# Sedge Control in Flower Beds



## bhutchinson87 (Jun 25, 2018)

I recently removed the previous owner's mulch and landscaping fabric that was in pretty bad shape. Then I put down a fresh 2-3" mulch layer. Everything was great for a couple weeks until all hell broke loose.

Nutsedge. All. Over.

I sprayed some dismiss on the areas that I could, but there are spots that are too close to the ornamentals. I have Over-the-Top, but it's not listed for sedges. The only thing I could find is Image 70 DG that is listed for my set of circumstances, but that is discontinued. Does anyone know of a solution that might work? I think I will try spraying the Fertilome and see what happens.


----------



## grassland (Mar 7, 2019)

In open landscape beds, I spot spray glyphosate if an area gets bad. The ready-to-use round up bottle put out very course droplets and you can liightly spritz the weed that closer to ornamentals. I haven't had issues drift of course droplets. There is also a roundup gel that you can paint on the leaf blade, which doesn't affect desired plants are literally 2 inches away. The best trick I learned with landscape beds is putting down a preemergent like prodiamine in open areas of landscape beds and it will control any weed that grows from seed.


----------



## bhutchinson87 (Jun 25, 2018)

Thanks for the reply. I did think about using a handheld spray bottle to get the ones up next to the ornamentals, so I'm going to try that along side broadcast spraying the rest of the bed. I did put down prodiamine, but don't think it was in time before they all started popping up, and prodiamine isn't listed for sedges (neither is snapshot).


----------



## gm560 (Feb 22, 2018)

I keep a can of this in the closet next to my front door for when i see things pop up. It shoots a straight line of foam herbicide so its really accurate. Sometimes I spot something in my garden bed from my front bay window and can take it out without even putting shoes on. Its awesome stuff!
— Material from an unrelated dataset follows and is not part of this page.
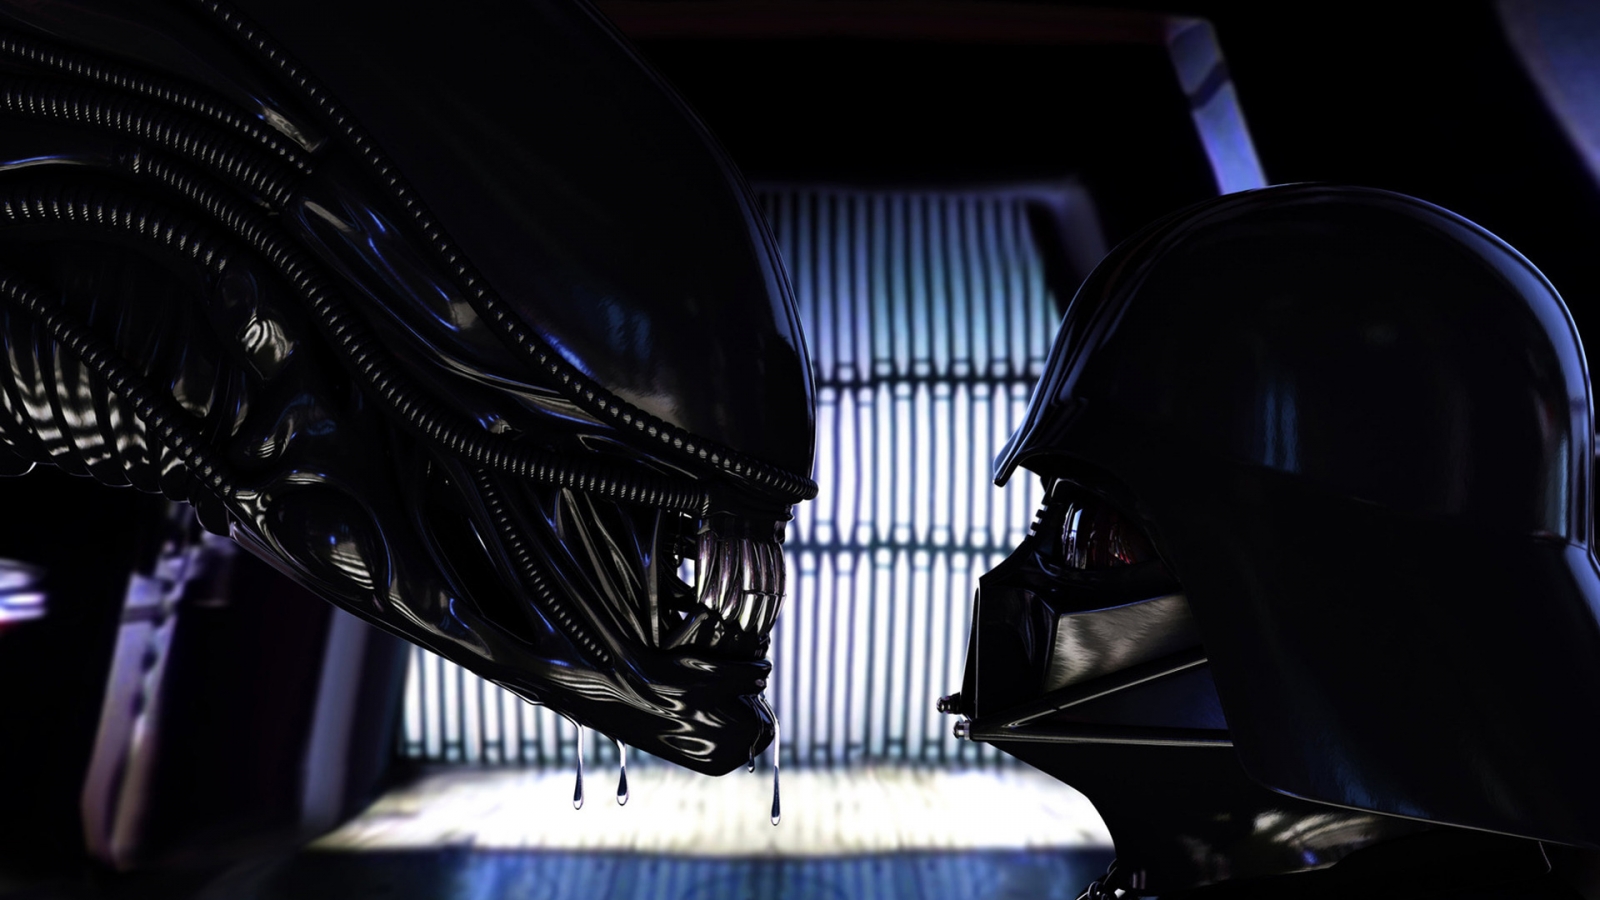 Alien vs Darth Vader for 1600 x 900 HDTV resolution

https://www.lowes.com/pd/Spectracide-Foaming-Edger-17-oz-Weed-and-Grass-Killer/3997473?cm_mmc=shp-_-c-_-prd-_--_-google-_-lia-_-241-_-grassandweedchemicals-_-3997473-_-0&store_code=692&placeholder=null&gclid=EAIaIQobChMI7ubRismO6QIV1sDICh0X6A2aEAYYASABEgK5pvD_BwE&gclsrc=aw.ds


----------



## 1FASTSS (Jul 11, 2018)

glyphosate wont kill them either. You need something listed specifically for sedge. I use Certainty but this might work for you if you only need a one time app. If you landscape beds are wet thorughout the summer they will keep poping up. Check the market place for a group purchase for Certainty is a cheaper way to get some.

https://www.domyown.com/halosulfuron-pro-herbicide-p-1880.html


----------



## krusej23 (May 8, 2018)

I use ortho grass b gon in my landscape beds to get rid of grasses.


----------